MB/8 Club Poland - Klub i forum miłośników samochodów Mercedes-Benz https://forum.w114-115.org.pl/ |
|
Siódemka https://forum.w114-115.org.pl/viewtopic.php?f=1&t=28678 |
Strona 1 z 7 |
Autor: | kali [ pt wrz 21, 2007 10:09 pm ] |
Tytuł: | Siódemka |
tak sobie jeżdże ostatnio po Polsce i włosy mi się jeżą nie tylko na głowie. Wczoraj jechałem trasą nr 7 z Warszawy do Worlin koło Łukty, dzień piekny i słoneczny ![]() i w związku z tym, że jechałem sam wzięło mnie na przemyślenia.

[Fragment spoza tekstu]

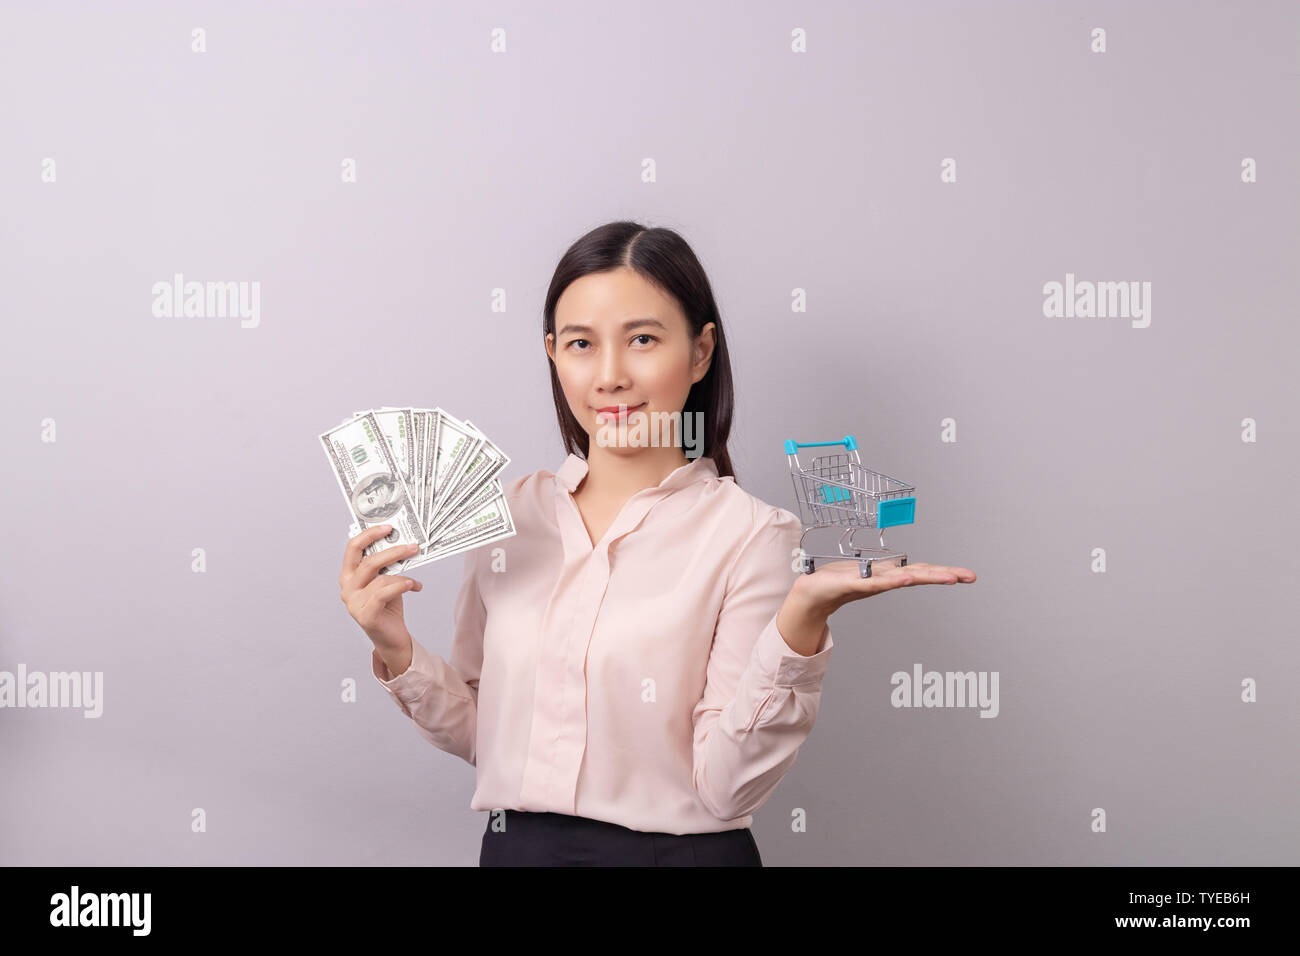 retail commercial business concept, Asian beautiful woman holding banknote money in hand and shopping cart in another hand isolated on grey background Stock Photo

Dokąd tak spieszą się ci ludzie ? I ile razy im sie uda ? ![]() ![]() ![]() ![]() |
Autor: | master [ pt wrz 21, 2007 10:18 pm ] |
Tytuł: | |
słynna siódemka, zwana przez Pomorzan "warszawianką" (bez urazy), do tego zbliżyć się w okolice elbląga i mamy wyprzedzanie na czwartego (jakieś tam podwójne ciągłe, wysepki + drogowcy na poboczu) ... codzienny widok ![]() ![]() |
Autor: | And [ pt wrz 21, 2007 10:59 pm ] |
Tytuł: | |
No oni wszyscy po złej stronie drogi jadą.... Szaleńcy.... ![]() |
Autor: | filippo [ pt wrz 21, 2007 11:49 pm ] |
Tytuł: | foty... |
Robienie fotek w czasie jazdy też do najbezpieczniejszych nie należy ![]() |
Autor: | piotras [ sob wrz 22, 2007 12:37 am ] |
Tytuł: | |
Nie wiem kto jest większym szaleńcem?? Czy ten kto wyprzedza,czy ten,który robi zdjęcia w czasie jazdy ![]() ![]() |
Autor: | holyfido [ sob wrz 22, 2007 12:49 am ] |
Tytuł: | |
wycieraczki sie skonczyly ![]() |
Autor: | buckswizz [ sob wrz 22, 2007 9:35 am ] |
Tytuł: | |
dajcie spokój Panowie,a sprawia Wam przyjemnosc jazda za tirem lub inną zawalidrogą??? mi wcale- nie mówie jednak o szaleńczej pogoni za dniem wczorajszym,ale o płynnym poruszaniu sie-co w PL nie należy łatwosci !!! |
Autor: | holyfido [ sob wrz 22, 2007 9:52 am ] |
Tytuł: | |
a sprawia Wam przyjemnosc jazda za tirem lub inną zawalidrogą??? Za takimi slowami czesto stoi tlumaczenie sie z tego, ze samemu sie jezdzi jak wariat. Bo zawalidroga, bo dymi, bo baba, bo maluch, bo to bo tamto. W rzeczywistosci kazdy przed soba usprawiedliwia, to ze nie ma zamiaru jechac te 90 km/h poza miastem i 50 w miescie. W sprawie tych fotek, to wyprzedzanie przed szczytem na ciaglej i wyprzedzanie na luku tak jak to zostalo uwiecznione to przegiecie. Czesto natomiast zdaza mi sie zjezdzac na pobocze bo ktos mnie chce wyprzedzic, zjezdzam wtedy, auto z naprzeciwka tez zjezdza i tworzy sie dodatkowy pas. Na prostej drodze nic niebezpiecznego. |
Autor: | Ken.dzior [ sob wrz 22, 2007 10:46 am ] |
Tytuł: | |
To raczej normalka. Mozna dobrze zaobserwowac ze wiekszosc kierowców z rejestracjami na 'W' nie wie co to znaczy podziekowac, chociaz tak fajnie siedzialo sie na zderzaku... oczywiscie nie chce tu generalizowac, ale taka jest moja obserwacja. Natomiast im blizej Gdańska to wiecej takich podziekowan, choc jazda wcale nie lepsza. |
Autor: | Omen [ sob wrz 22, 2007 10:49 am ] |
Tytuł: | |
Ken.dzior pisze: To raczej normalka. Mozna dobrze zaobserwowac ze wiekszosc kierowców z rejestracjami na 'W' nie wie co to znaczy podziekowac, chociaz tak fajnie siedzialo sie na zderzaku...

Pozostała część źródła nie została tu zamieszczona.